Complement C3 inhibitor in patients with paroxysmal nocturnal hemoglobinuria with suboptimal response to C5 inhibitor therapy

Author:

Marchenko M. V.1ORCID,Klimova O. U.1ORCID,Anikina E. V.2,Lapina A. V.1ORCID,Rudakova T. A.1ORCID,Ksenzova T. I.2ORCID,Kulagin A. D.1ORCID

Affiliation:

1. Raisa Gorbacheva Memorial Research Institute for Pediatric Oncology, Hematology and Transplantation, I.P. Pavlov First Saint Petersburg State Medical University, Ministry of Health of Russia

2. Regional Clinical Hospital No. 1

Abstract

The introduction of the complement component C5 inhibitor eculizumab has radically changed the prognosis and quality of life of patients with paroxysmal nocturnal hemoglobinuria. Up to 30 % of patients develop only a suboptimal response to C5 inhibition.
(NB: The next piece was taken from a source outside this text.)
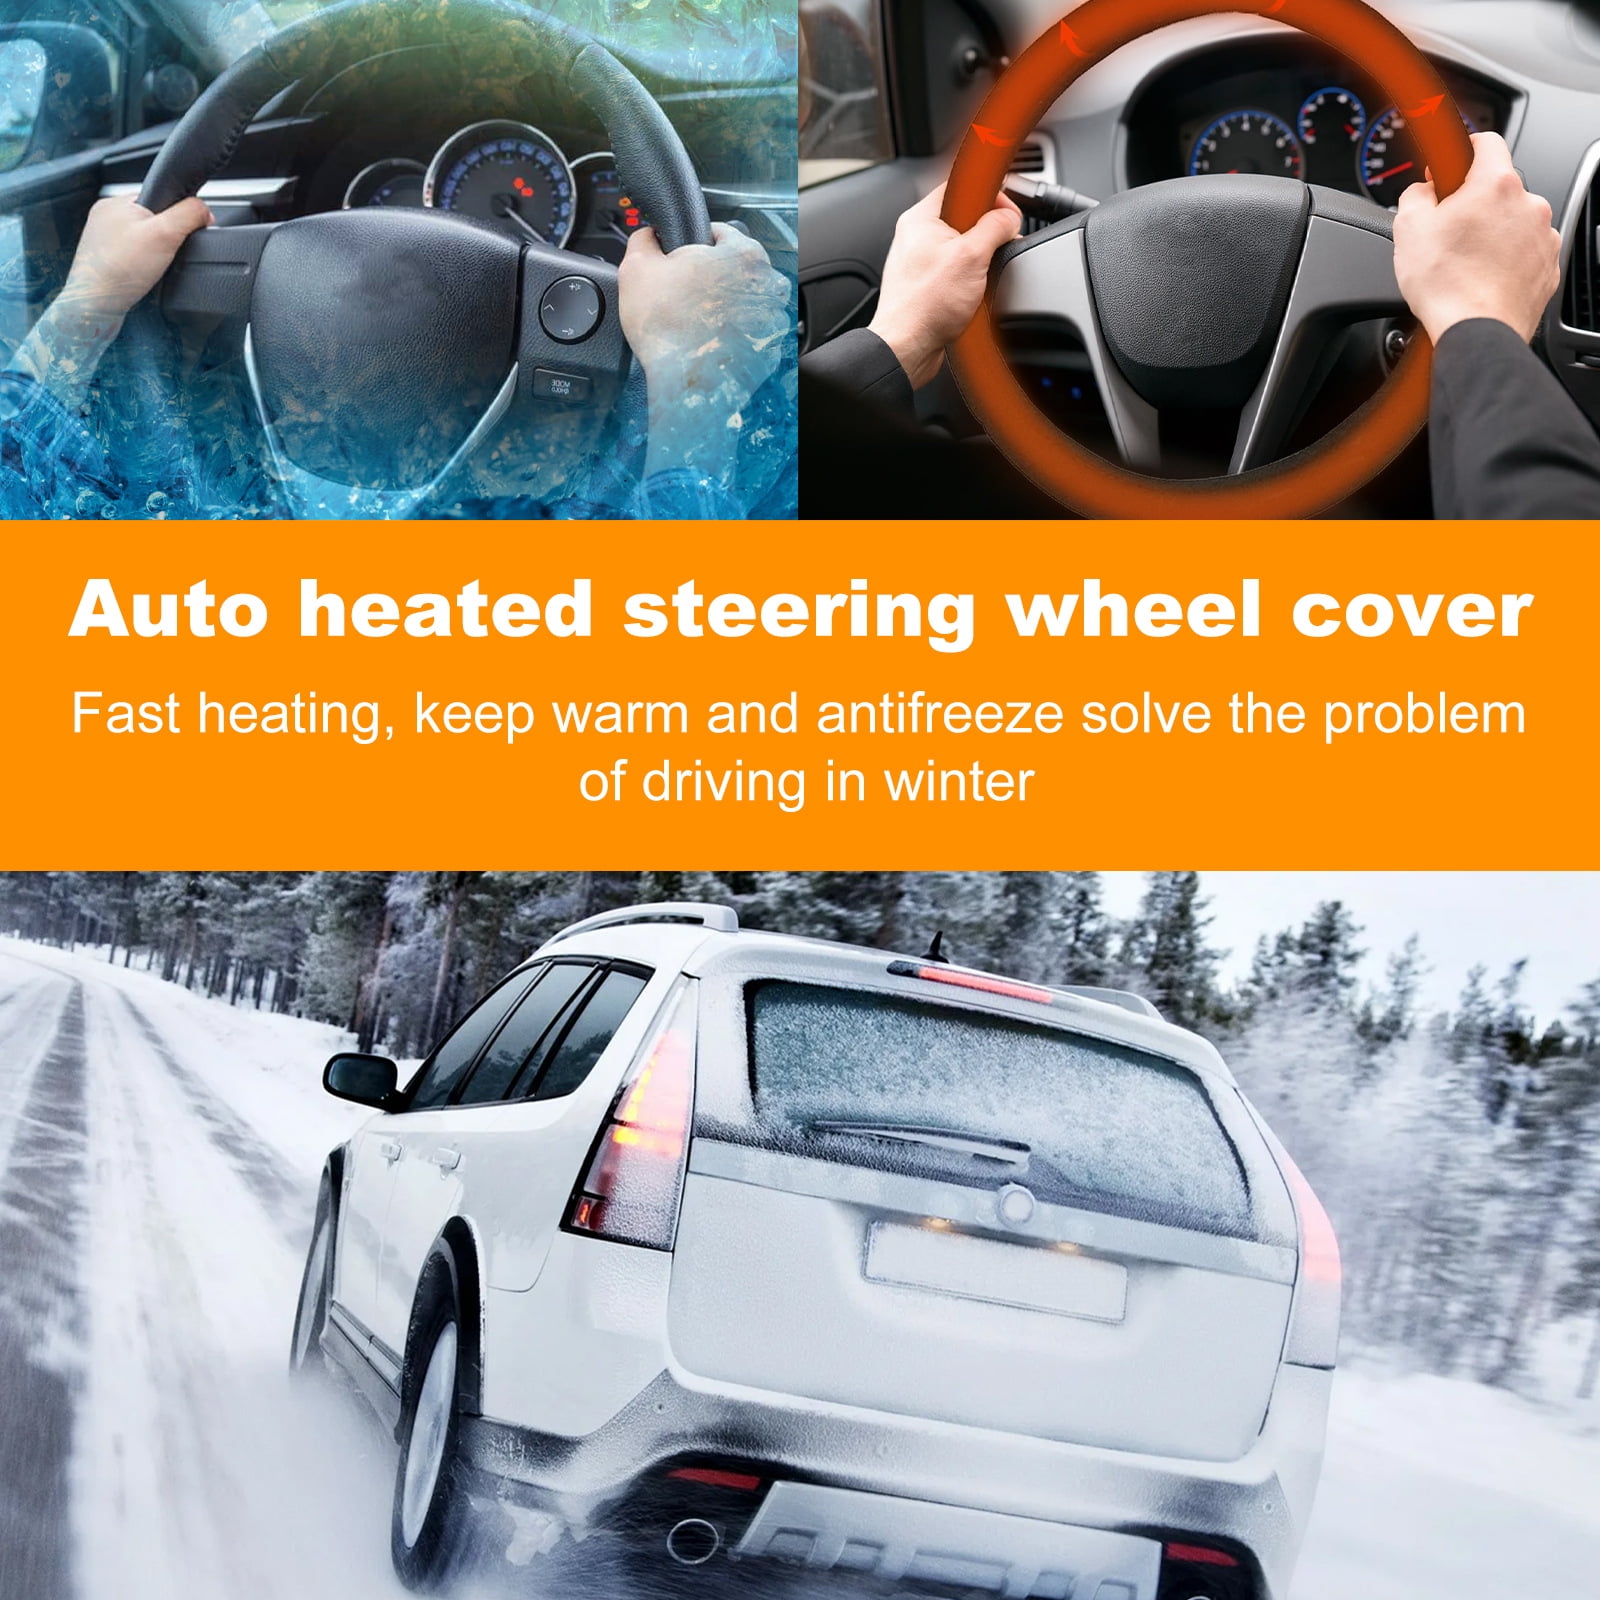 Zento Heated Steering Wheel Cover –Upgraded Heated Auto Hand Warmer  Steering Wheel Cover for Winter - Comfortable Premium Quality Universal Fit  11-12

One reason for this is activation of extravascular hemolysis, due to opsonization of erythrocytes with fragments of the C3 component. Pegcetacoplan, the first ever registered C3 inhibitor, is aimed at solving this problem.In Russia, 2 patients received pegcetacoplan as part of a phase 3, randomized, open-label, active-comparator controlled trial PEGASUS. The analysis includes data from the first year of therapy: the run-in period (pegcetacoplan 1080 mg SC twice weekly in addition to the current dose of eculizumab, 4 weeks), the randomized controlled period (both patients were randomized to eculizumab monotherapy, 16 weeks), and the open-label period of pegcetacoplan therapy (32 weeks). Data from the extension study to evaluate the long-term safety and efficacy of pegcetacoplan are also presented. The duration of follow-up on pegcetacoplan therapy in both patients exceeded 4 years.